Eine vollständige Befreiung gilt in folgenden Fällen: Das Wohngebiet liegt in einer QPV-Zone oder einer FRR-Zone, es handelt sich um eine PLI-Unterkunft, oder das Einkommensüberschreiten liegt unter 20 %. Trifft einer dieser Punkte auf Sie zu, darf kein Mietaufschlag erhoben werden. Übersteigt die Gesamtbelastung aus Miete und SLS die 30-%-Schwelle des Einkommens, ist eine Kürzung von Amts wegen vorgeschrieben.
Ein Einkommensrückgang von mindestens 10 % gegenüber dem für die Berechnung herangezogenen Betrag berechtigt zu einer sofortigen Neuberechnung. Die entsprechenden Nachweise müssen dem Vermieter innerhalb von drei Monaten nach dem Ereignis vorgelegt werden – die Anpassung gilt dann ab dem Folgemonat. Dasselbe gilt bei einer Änderung der Haushaltsgröße, die den anwendbaren Einkommensplafond verändert. Zahlen Sie den mitgeteilten Aufschlag während einer laufenden Anfechtung weiter, um keinen Zahlungsrückstand zu riskieren. Bei Erfolg erstattet der Vermieter den zu viel gezahlten Betrag zurück.

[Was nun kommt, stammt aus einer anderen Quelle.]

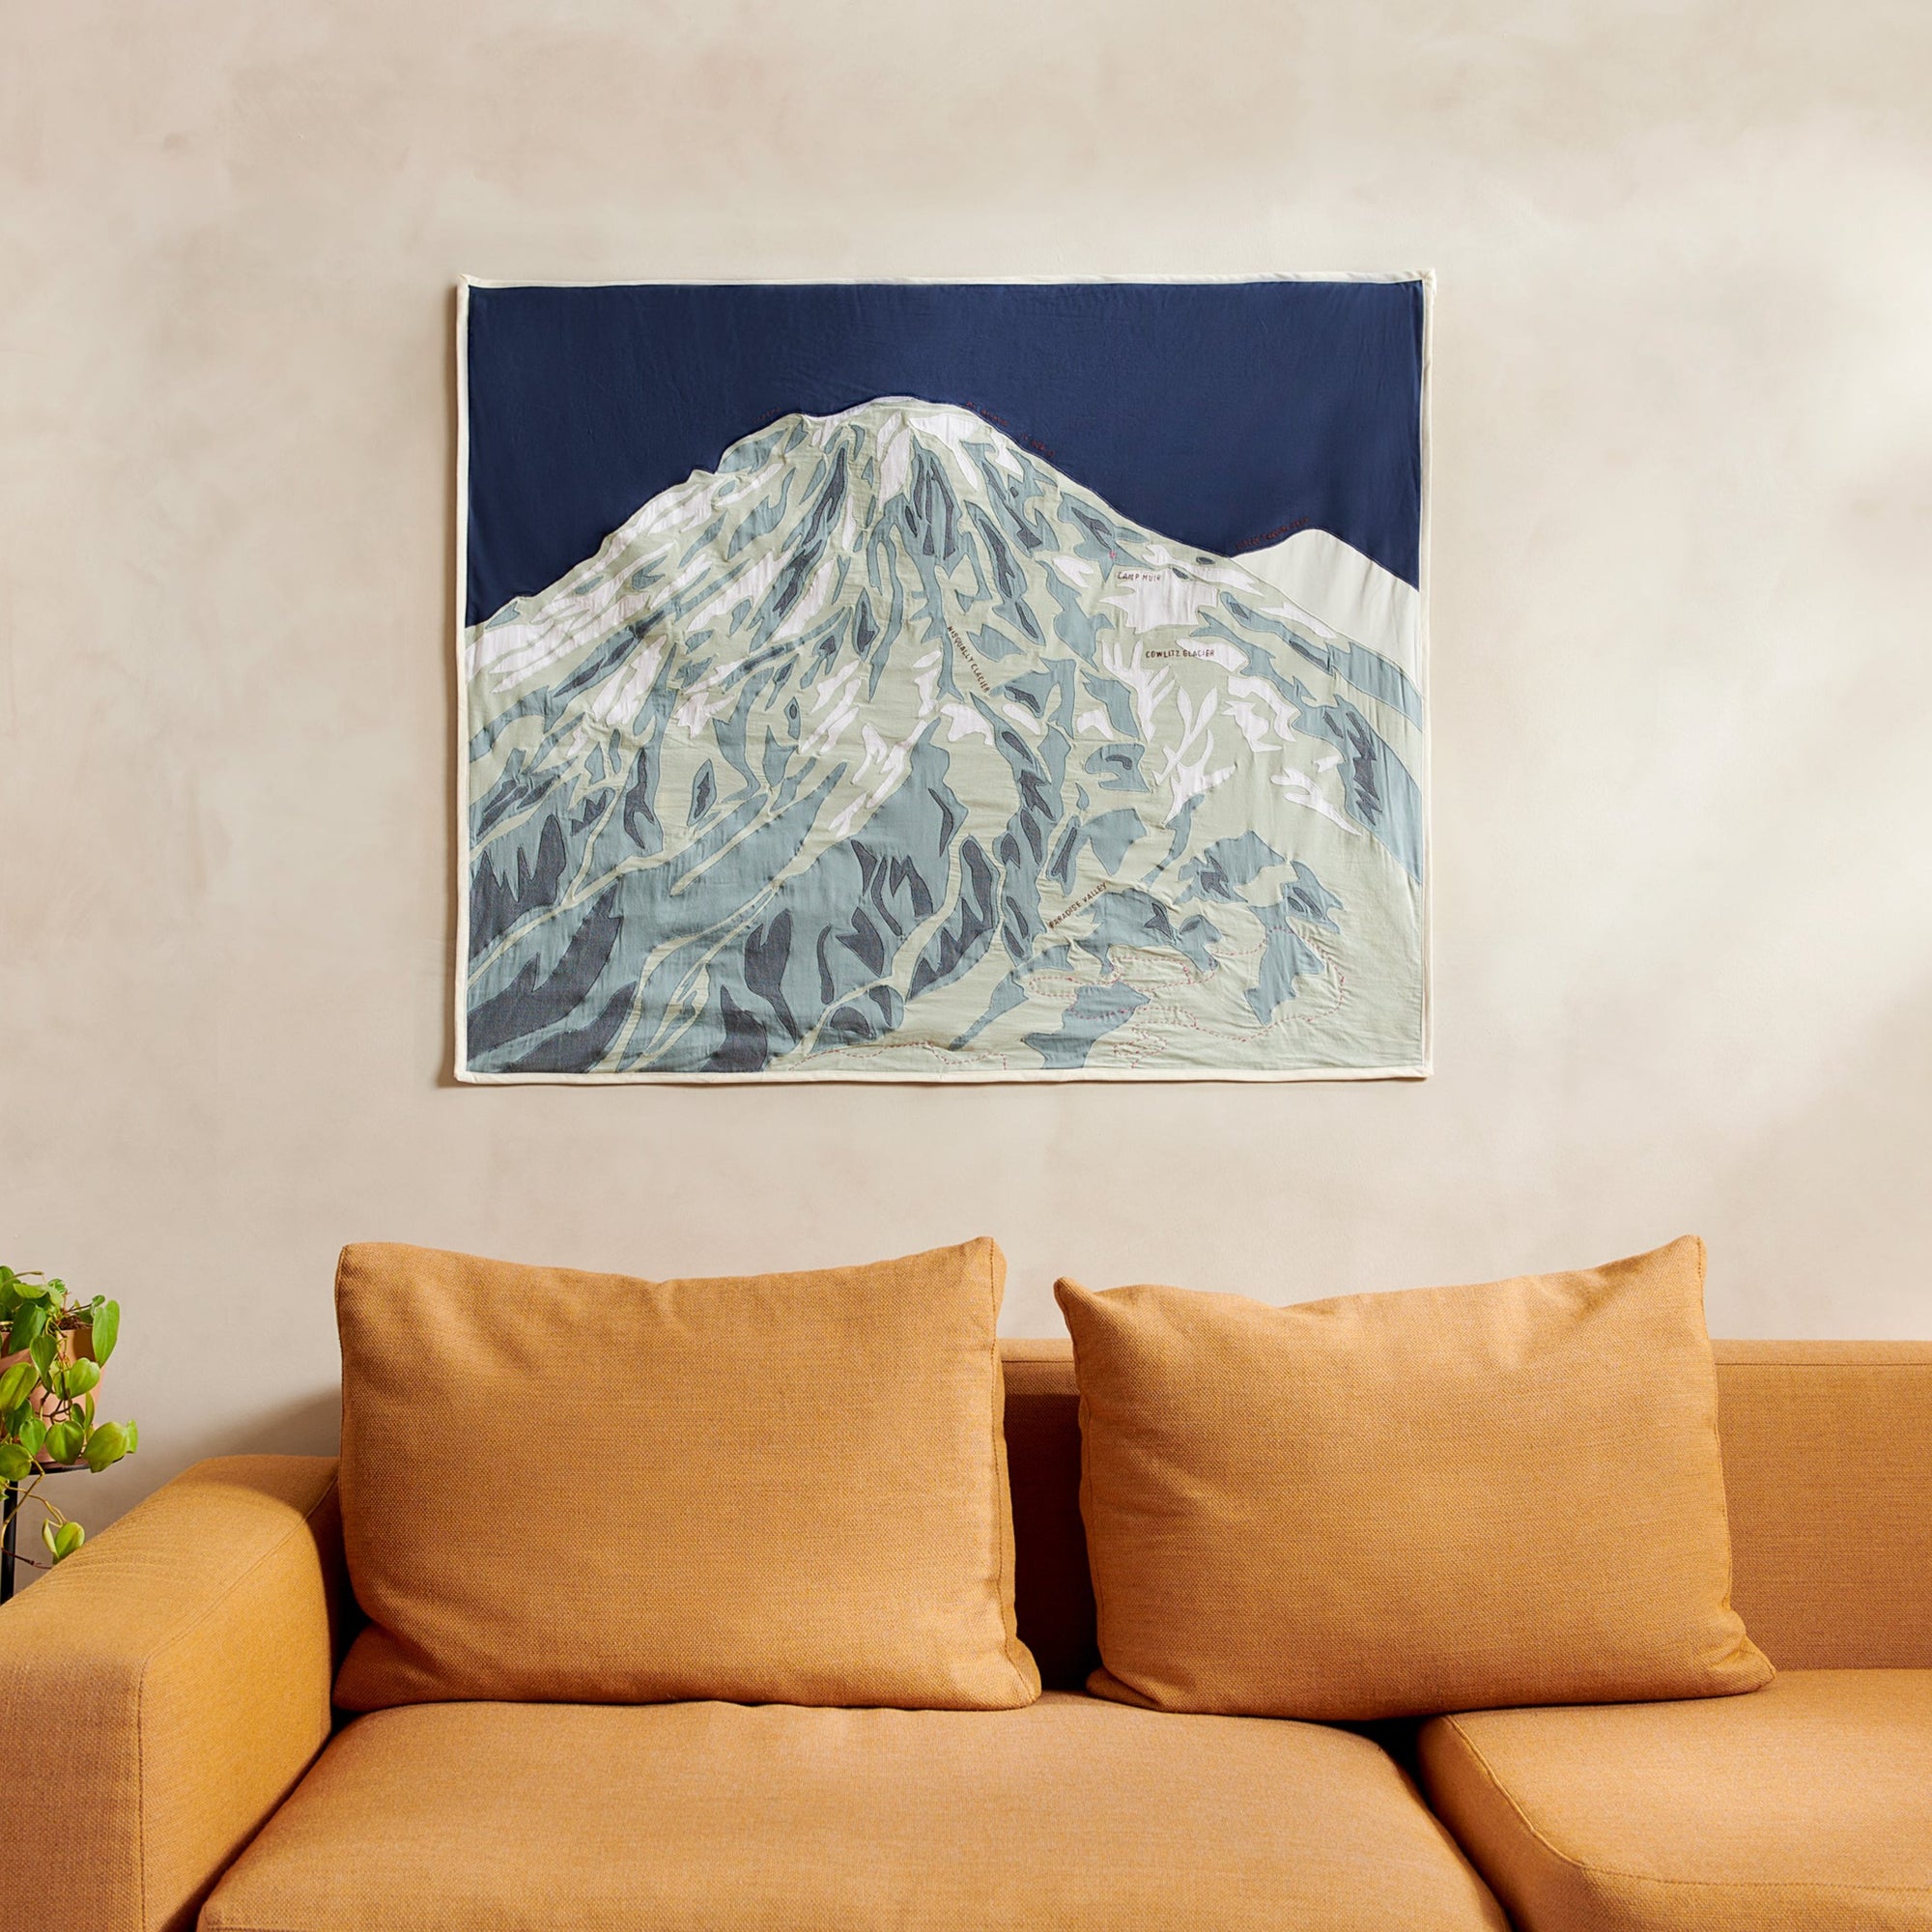 Mount Rainier (Tahoma) Portrait

Wie fechten Sie einen zu hohen Mietaufschlag an?
Beginnen Sie mit einem Einschreiben, in dem Sie den Vermieter um eine detaillierte Aufschlüsselung der Berechnung bitten – angesetzte Wohnfläche, Einkommenslimit, CDPR, SLR sowie das Einkommen aus dem vorletzten Jahr. Legen Sie Ihre Einwände genau dar: Überschreitung der 30-%-Grenze, Flächenfehler, Befreiung nach QPV/FRR/PLI, Familienwechsel oder Einkommensrückgang.
Bleibt eine Korrektur aus, wenden Sie sich an die Schlichtungskommission (CDC) Ihres Departements – das Verfahren ist kostenlos und dauert in der Regel zwei Monate. Besteht der Streit weiter, ist das zuständige Zivilgericht an Ihrem Wohnort die nächste Anlaufstelle. Bei Streitwerten unter 5.000 € steht ein vereinfachtes Verfahren ohne Anwaltspflicht zur Verfügung, mit der Möglichkeit, Rückzahlung und Neuberechnung zu beantragen.
Was den Zeitplan betrifft: Die Einkommenserhebung wird im zweiten Halbjahr versandt, und Sie haben einen Monat Zeit zur Antwort. Bleibt nach einer Mahnung mit 15-tägiger Frist eine Reaktion aus, wendet der Vermieter den Höchstaufschlag zuzüglich einer Gebühr von 25 € an. Zwei aufeinanderfolgende Nichtantworten können zur Kündigung des Mietverhältnisses führen. Antworten Sie deshalb in jedem Fall – und lassen Sie fehlerhafte Beträge im Anschluss korrigieren. Der wirksamste Schutz für Ihr Budget: die 30-%-Quote regelmäßig selbst nachrechnen und bei Überschreitung sofort melden.